Recorded data ->

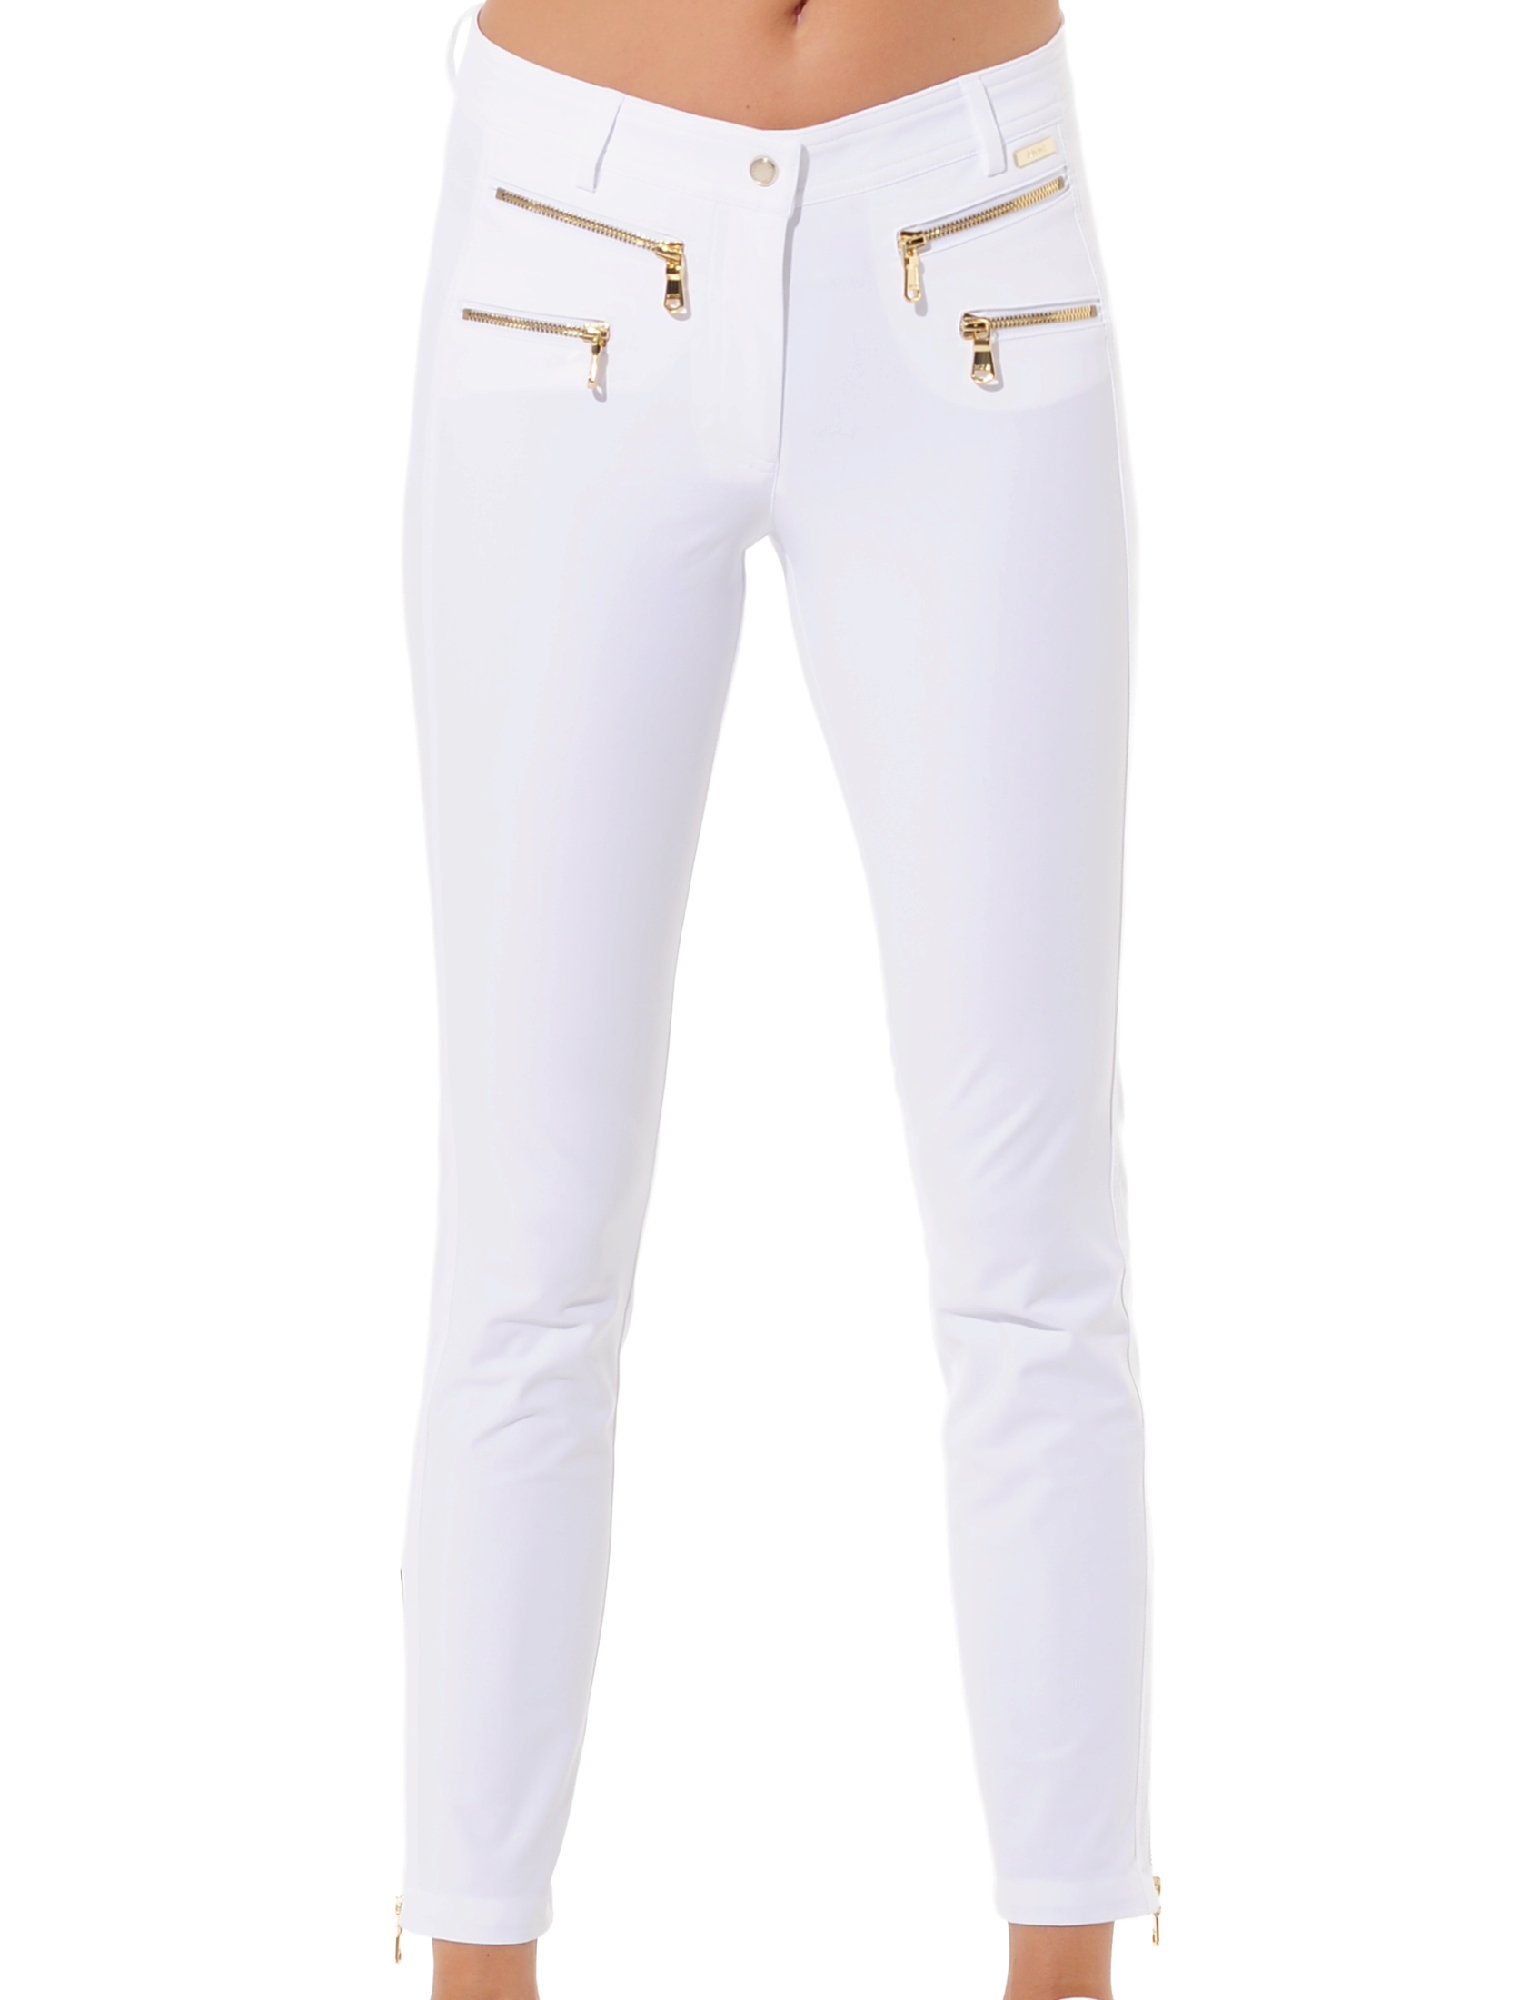 4way stretch shiny gold double zip ankle pants white 
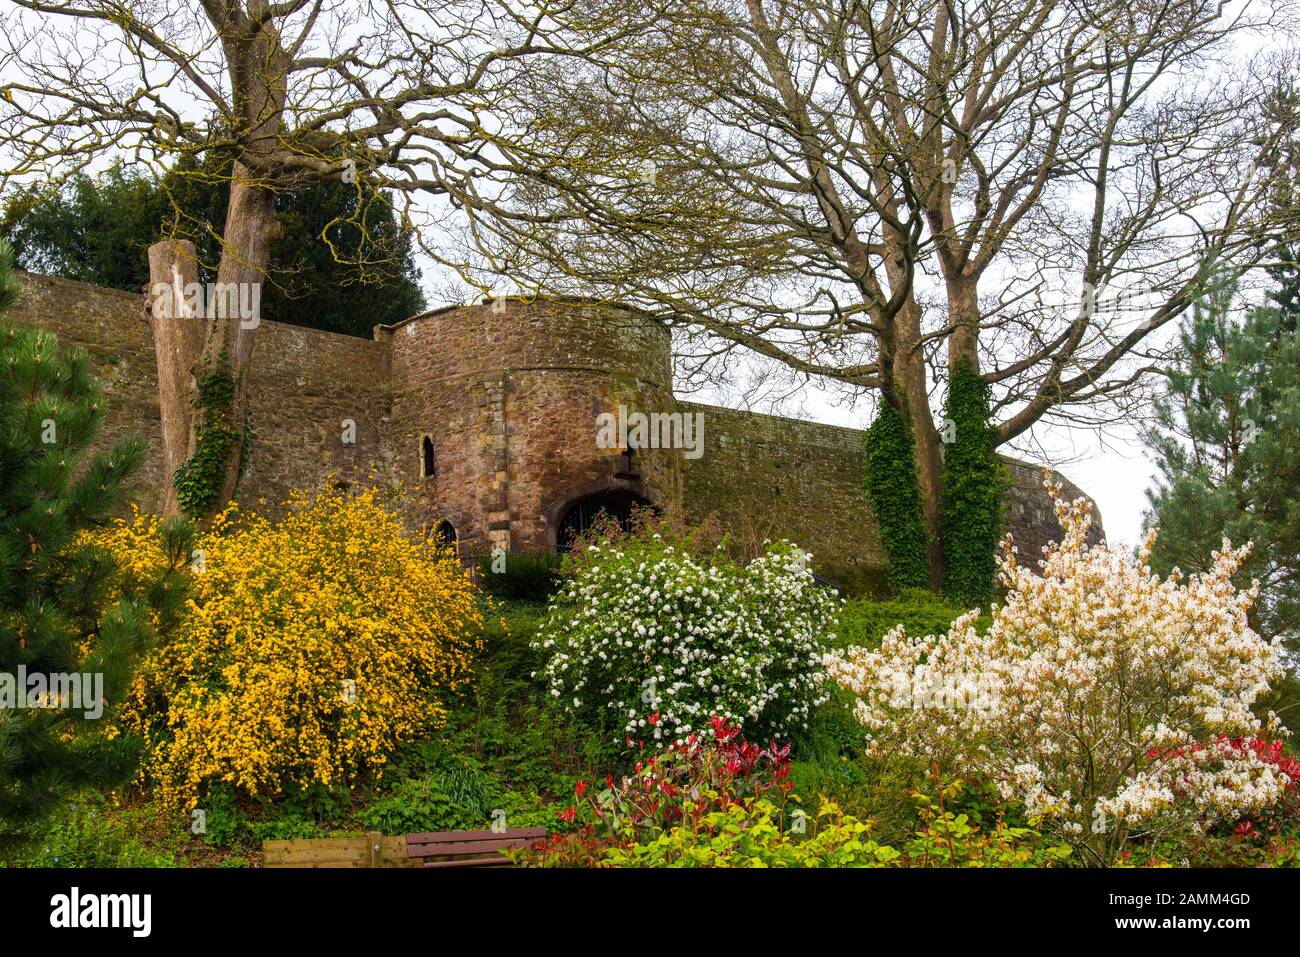 John's Tower on the City Wall, Exeter, Devon, UK. Seen from Rougemont Gardens. Stock Photo
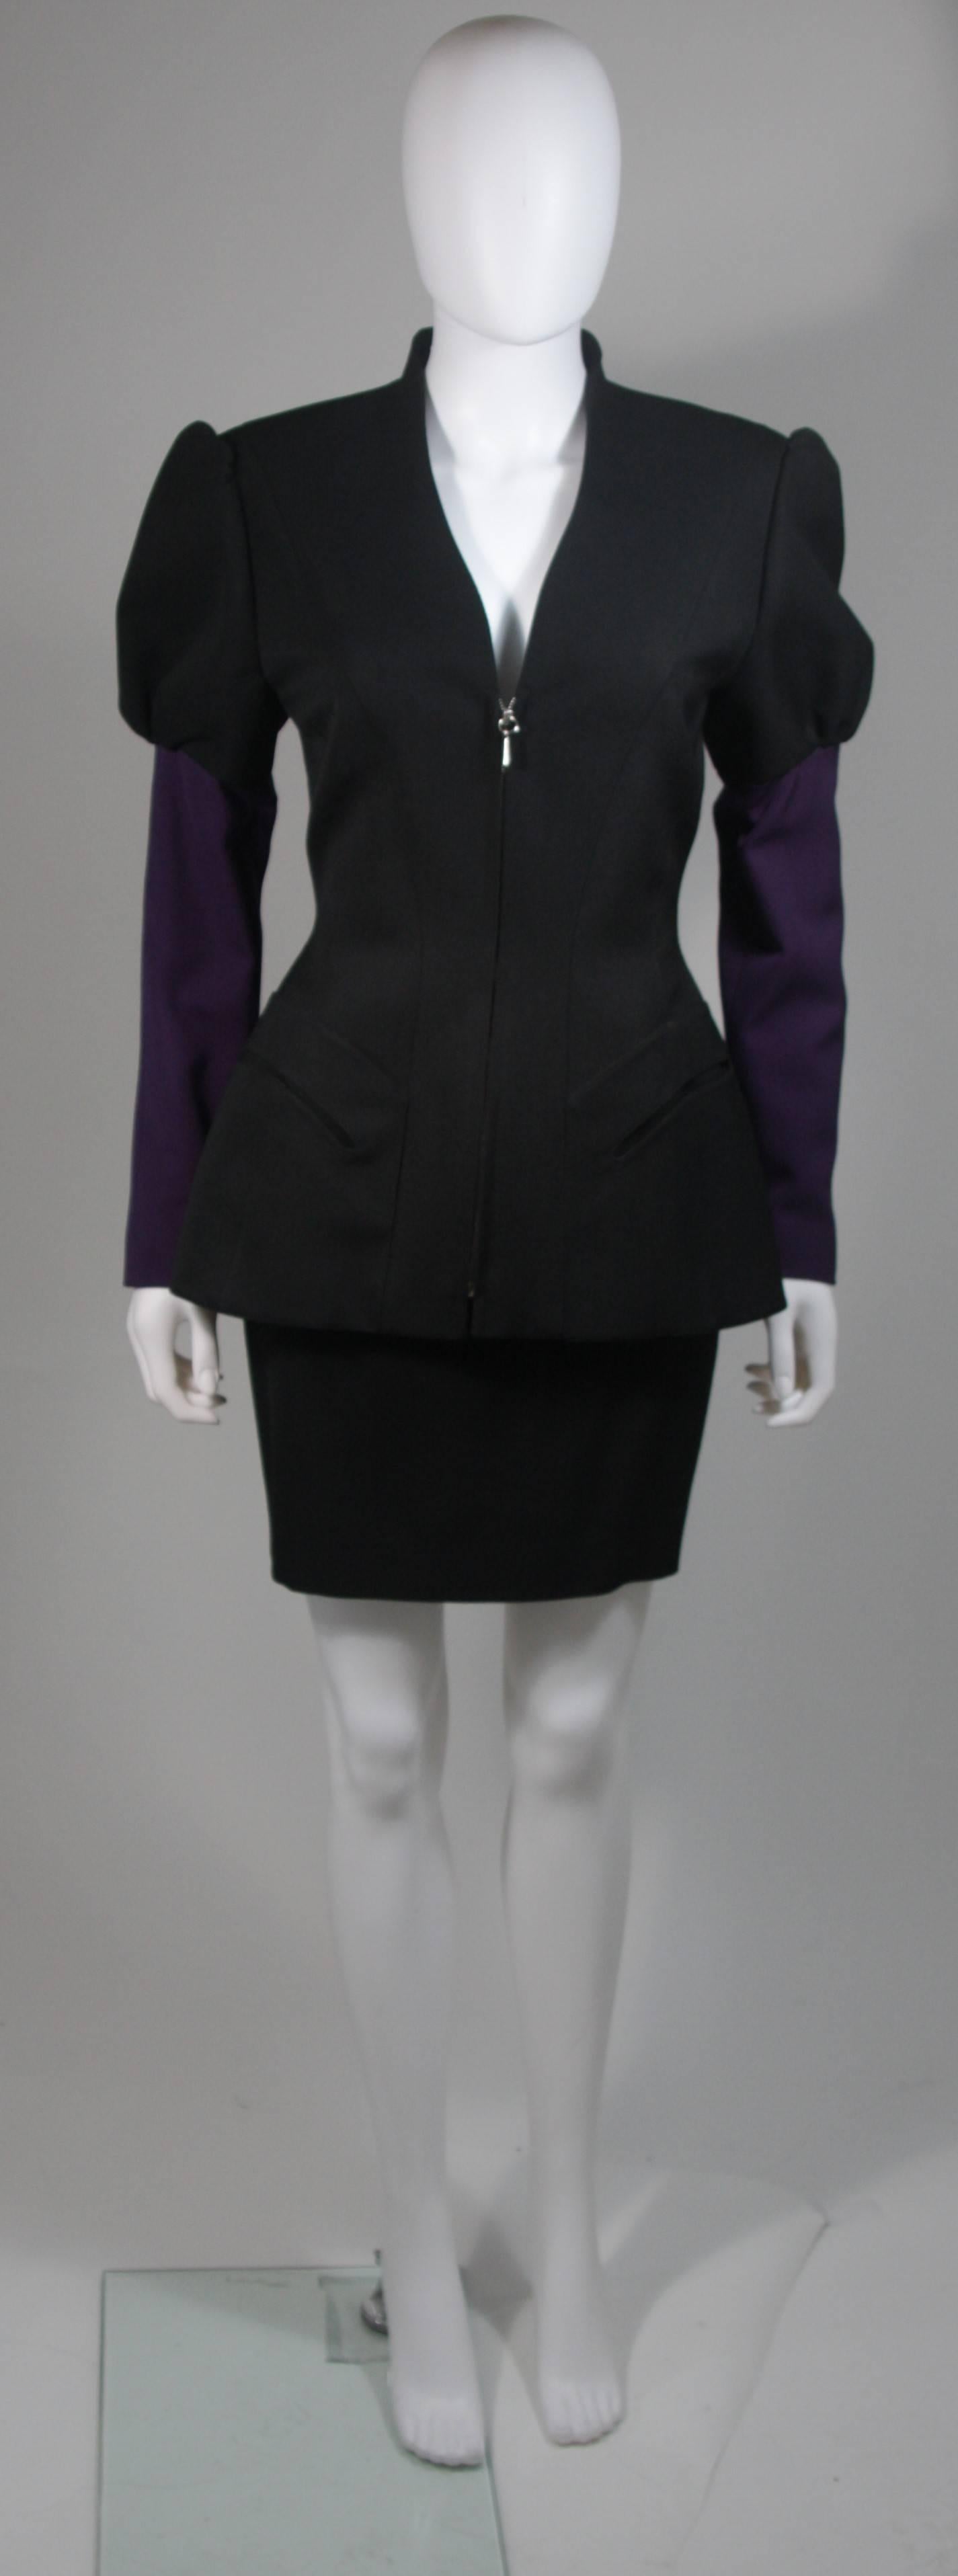  This skirt suit is composed of a black and purple fabric combination. The jacket has a center front zipper closure. The skirt has a classic pencil silhouette with zipper closure. In excellent vintage condition. Made in France. 

  **Please

What you will do ->
The listing must be returned in full and exactly, apart from its pictures.

Output for this task ->
 4way stretch shiny gold double zip ankle pants white 
 John's Tower on the City Wall, Exeter, Devon, UK. Seen from Rougemont Gardens. Stock Photo
  This skirt suit is composed of a black and purple fabric combination. The jacket has a center front zipper closure. The skirt has a classic pencil silhouette with zipper closure. In excellent vintage condition. Made in France. 

  **Please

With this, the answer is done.